WB: We know the SEC is focused on valuation practices. What about funds that may hold hardto- value securities in startup or privately-held companies. What should they be aware of?

JN: The successful Snap IPO may be an inflection point for so-called unicorns and will lead to a cleaving between the winners and the losers. The winners will receive additional funding and face pressure to go public or otherwise create liquidity for their investors and employees. The losers – or “undercorns” – will go out of business or be acquired on less than favorable terms. In either case, these events will result in an intense focus on unicorns – and the private funds that invested in them. Private fund managers naturally tend to celebrate their winners and downplay their losers. This time, however, managers should expect some unwanted attention around “undercorns” that fail to meet expectations.

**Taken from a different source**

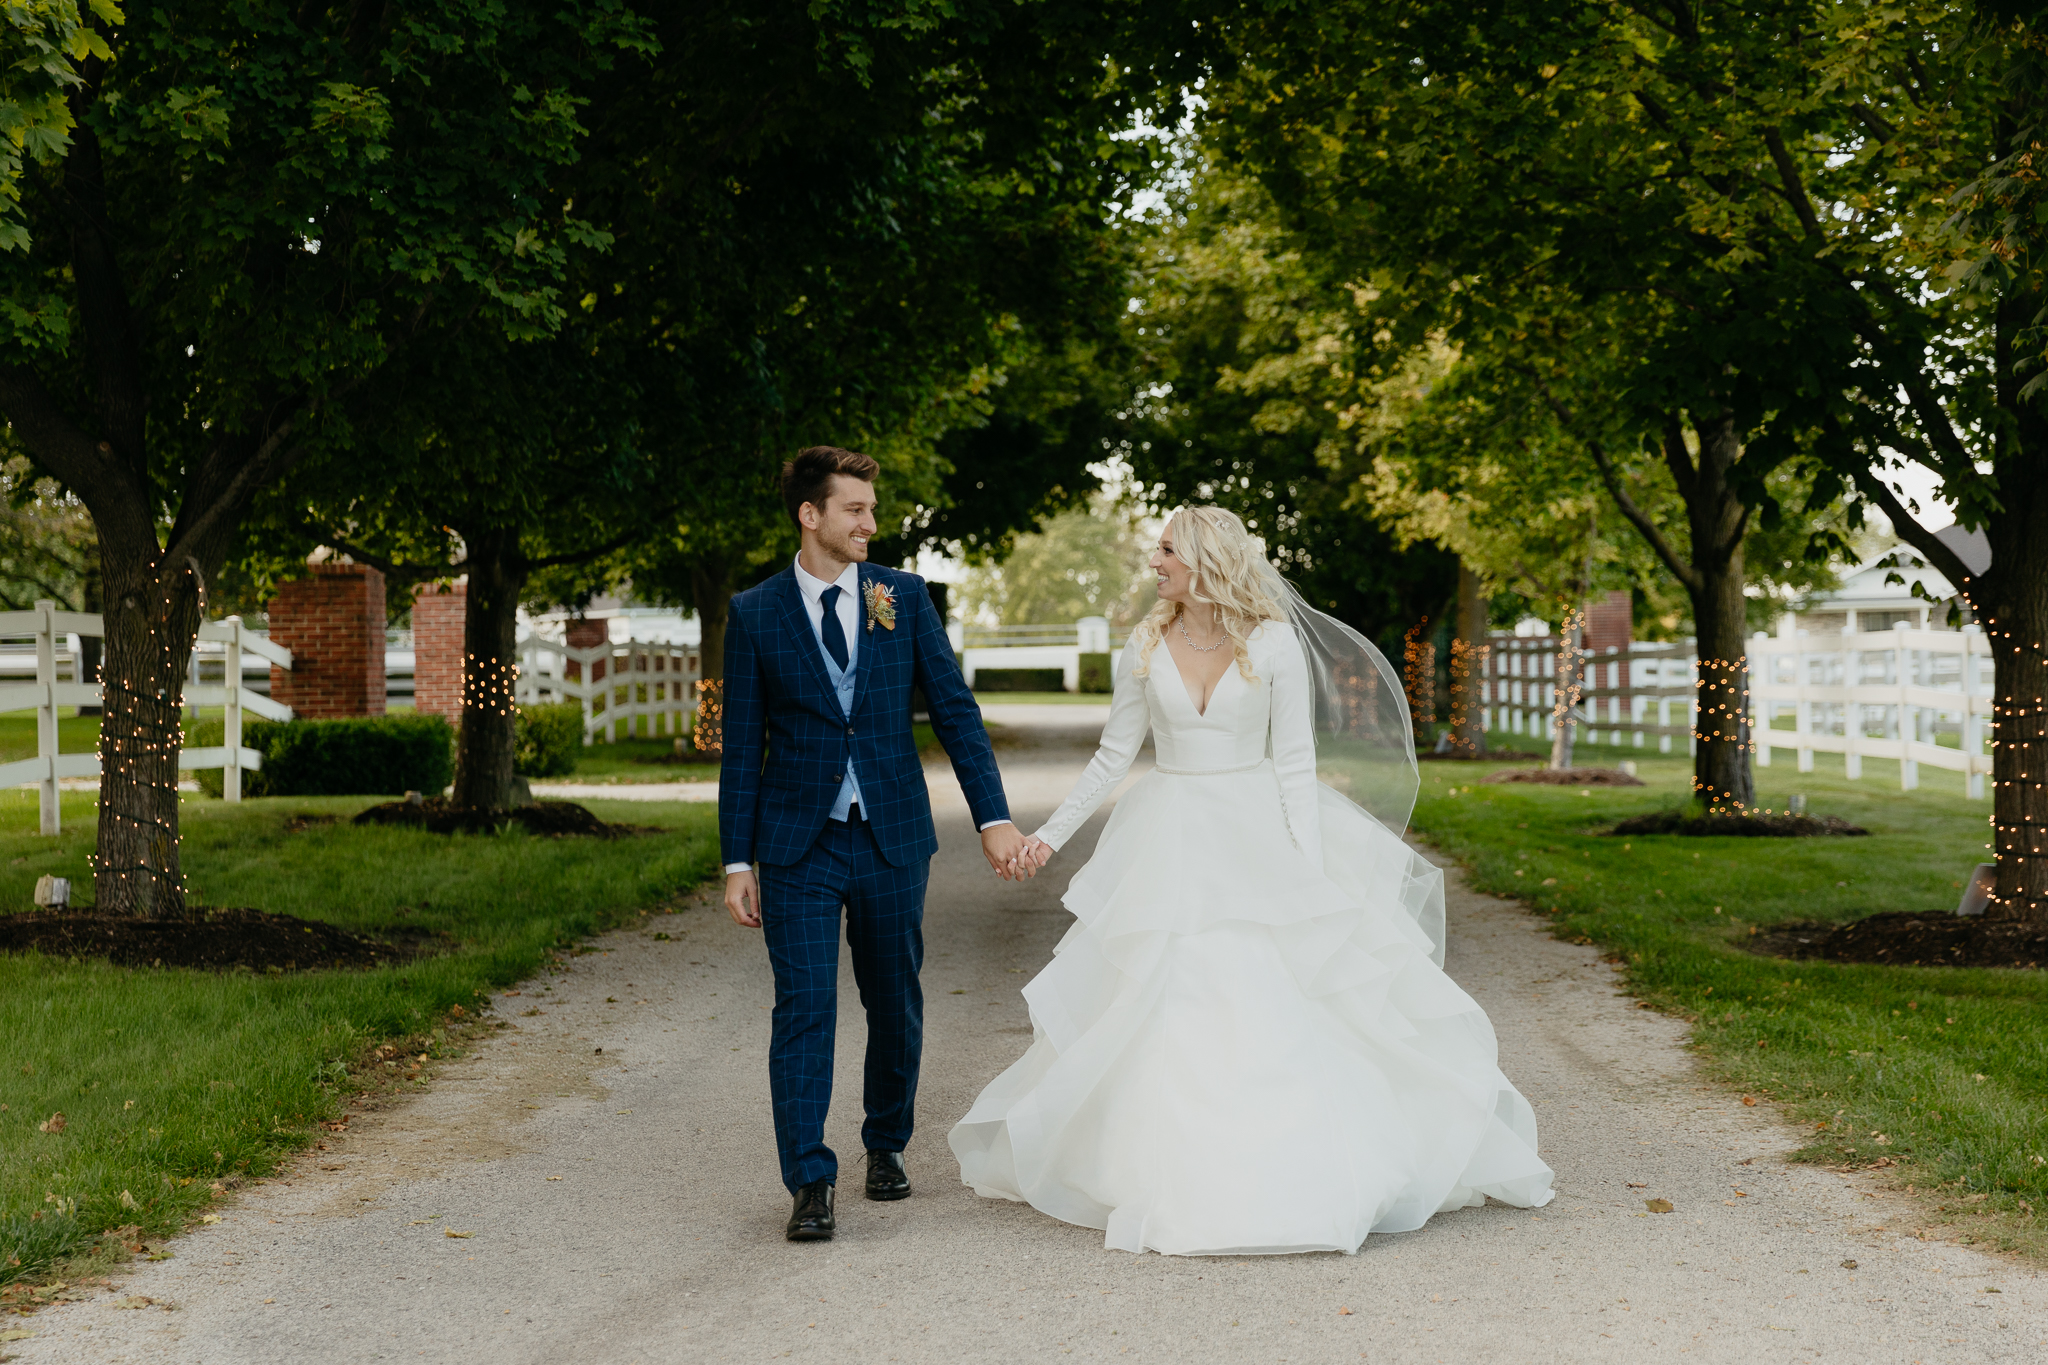 Bride and groom walk down tree lined driveway hand in hand

The splitting of unicorns creates at least three primary risks for managers in 2017. First, managers must manage SEC and investor scrutiny of valuations (as discussed above). Second, the SEC will scrutinize pre-IPO equity transactions and other investments in privately-held shares, so secondary trading and late-stage investments will come under scrutiny. Third, the insolvency or bankruptcy of former unicorns will give rise to numerous potential conflicts, between and among shareholders (including private funds), officers and directors, employees, and creditors of former unicorns. Fund managers should also focus on potential disputes involving board designees and the potential for conflicts between the manager and the funds over failed investments.